Odyssey Lights at Blackpool Illuminations

Blackpool’s world-famous illuminations provided the setting for an interactive project that features Raspberry Pi. In the latest issue of The MagPi, Rosie Hattersley gets enlightened.

Wintertime illuminated walks and interactive art shows have proved extremely popular over the past few years. Blackpool’s Odyssey lights combine the two, adding to the appeal of the renowned annual Blackpool Illuminations with impressive large-scale installations that respond to and even follow visitors as they explore the brightly lit site. 

blackpool illuminations

Odyssey is the brainchild of Lightworks, which creates and manages the existing Blackpool Illuminations attraction, Blackpool-born costume designer Jack Irving, and Lancaster University’s School of Computing and Communications. The research team there led by Joe Finney, Professor of Computer Science, includes Raspberry Pi enthusiast and The MagPi regular Lorraine Underwood, a Senior Teaching Associate of Creative and Applied Computing. They had worked with Lightworks before to produce interactive displays, “but this is our first proper huge-scale project together,” she explains. 

Enormous and ambitious

“All three organisations use, and create, cutting-edge technology for the public, and were keen to create something new and exciting for the public to enjoy,” says Lorraine. Jack specialises in creative productions that fuse technology and fashion. Odyssey hoped to harness this to “engulf the world in the most fantastical spectacle.” They began by co-designing and storyboarding, resulting in a vision for a series of 11-metre-tall towers featuring lasers, lights, speakers, and fog machines, each housing a projector and a camera. The six towers would project a ten-minute interactive show with different scenes containing alien sea creatures along an 18-metre path. 

Huge automated drills were used to carve each creature’s shape from polystyrene blocks, before sculptural elements
were refined
Huge automated drills were used to carve each creature’s shape from polystyrene blocks, before sculptural elements were refined

Cameras detect people along the path while each of the fantastical creatures behaves differently around them. “Some creatures would avoid people; some of them would follow you; others would swim together or appear when they detect a person nearby,” says Lorraine. 

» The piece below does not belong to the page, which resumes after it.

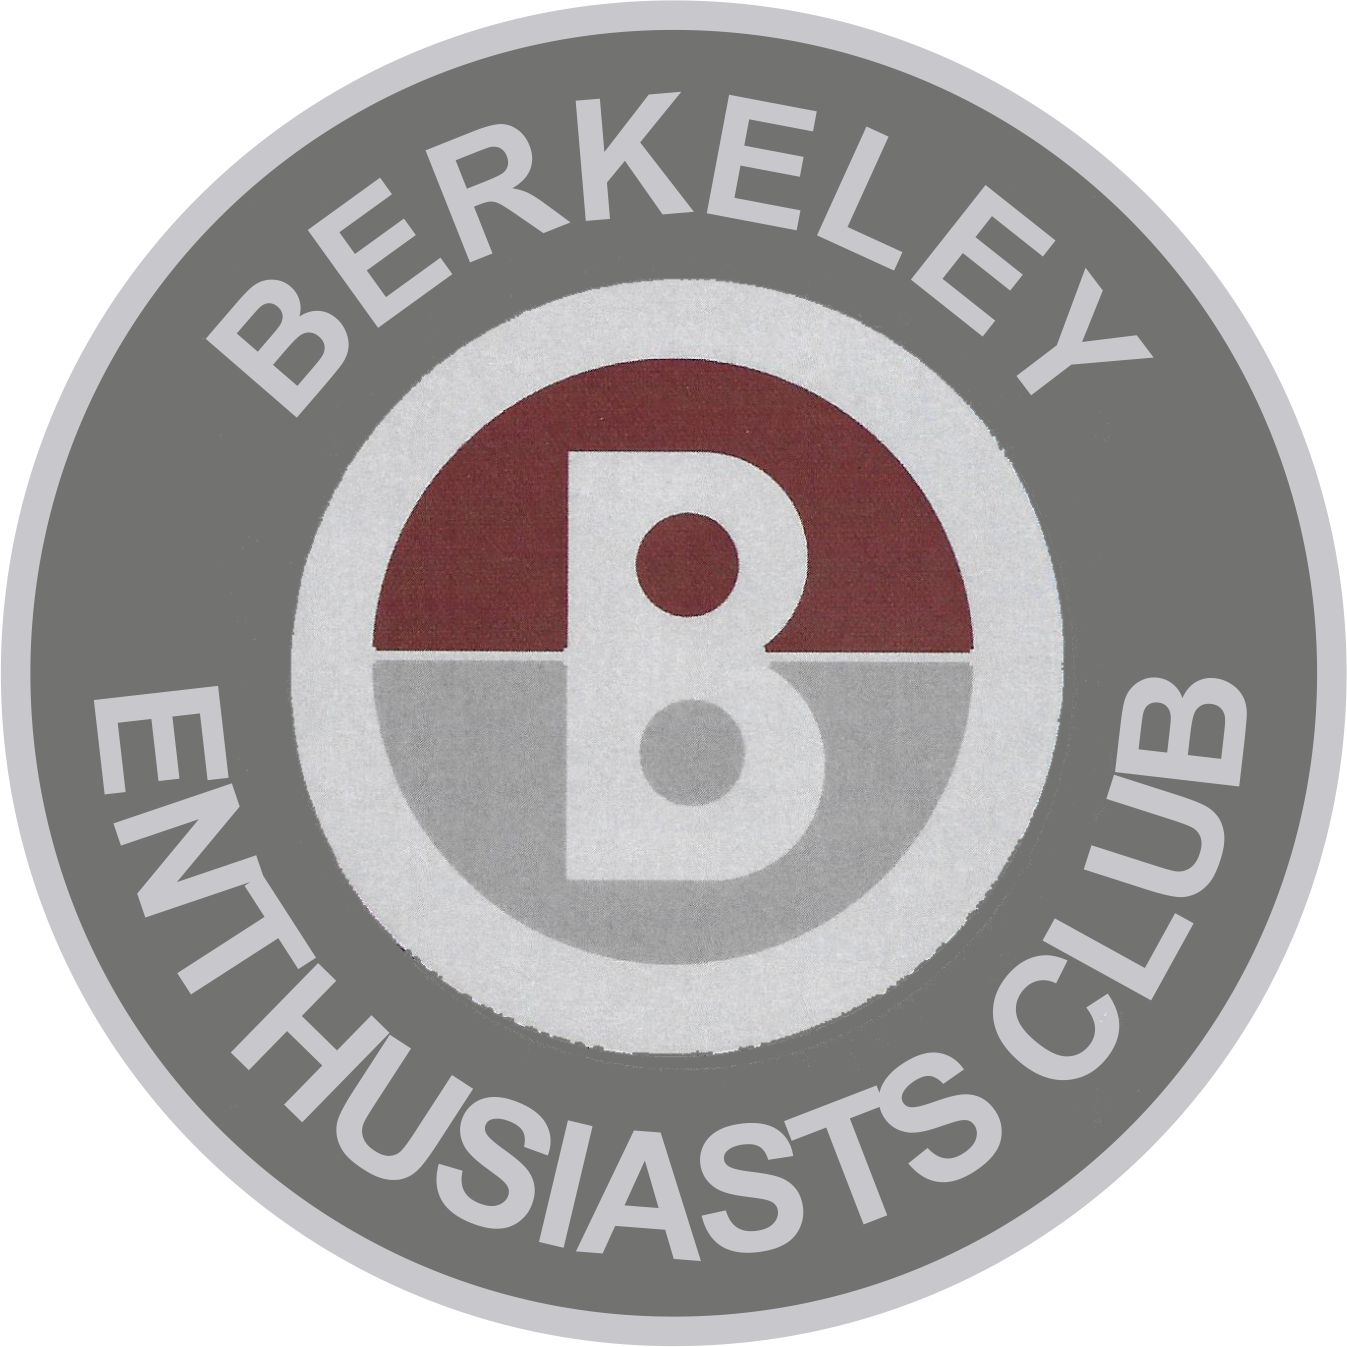 Berkeley Enthusiasts Cloth Badge

“All the designs came from Jack Irving’s unique style and imagination. It amazed me that Lightworks were able to create his designs in fibreglass at such a height,” she adds.

Technical challenges

“The Odyssey team needed a unique set of technologies for this project,” explains Lorraine. “While the towers are huge, there’s limited space inside them for equipment alongside all of the LED strips.” They needed a small camera with strong video streaming capabilities, but it was also vital to minimise latency so the creatures would react in real-time to the audience. 

blackpool illuminations
The sculptures tower above participants walking along the installation’s 18-metre walkway

Lorraine is the maker in the Lancaster University team and often uses Raspberry Pi in her projects, so she was confident in recommending it for the Odyssey. It transpired that Lightworks also knew Raspberry Pi well: some of the Blackpool Illuminations are controlled by Raspberry Pi too. Although accustomed to large-scale projects, testing the full Odyssey setup was challenging. They took over two lecture theatres at the University of Lancaster for the entire summer, but this had a ceiling only 3 m high. The Lightworks building, meanwhile, is tall enough to accommodate trucks, but the skylights weren’t ideal for trialling something intended to be seen at night. “The cameras were calibrated using QR codes on the ground, which are difficult to see in sunshine.”  There was a final obstacle once Odyssey was unveiled. Several of the cameras fell victim to the “unforgiving” Blackpool wind and weather, necessitating a switch to USB cameras with sturdier protection. The results, however, are stunning. 

  Odyssey being assembled at the Lightworks factory
Odyssey being assembled at the Lightworks factory

“Every time you walk through Odyssey, different creatures appear and act differently,” explains Lorraine. “We wanted to create an intense experience in every sense. The colossal 11-metre-high towers, the sound system, smoke machines, and lasers would complement the interactive projection show on the ground. Wherever you look while standing inside Odyssey, something amazing is happening.”

The team insisted on making Odyssey adaptable – the setup can be easily configured to use fewer cameras and projectors – while plans are afoot to make it easy to load different graphics and scenes into the projection show, ensuring many more marvels to come.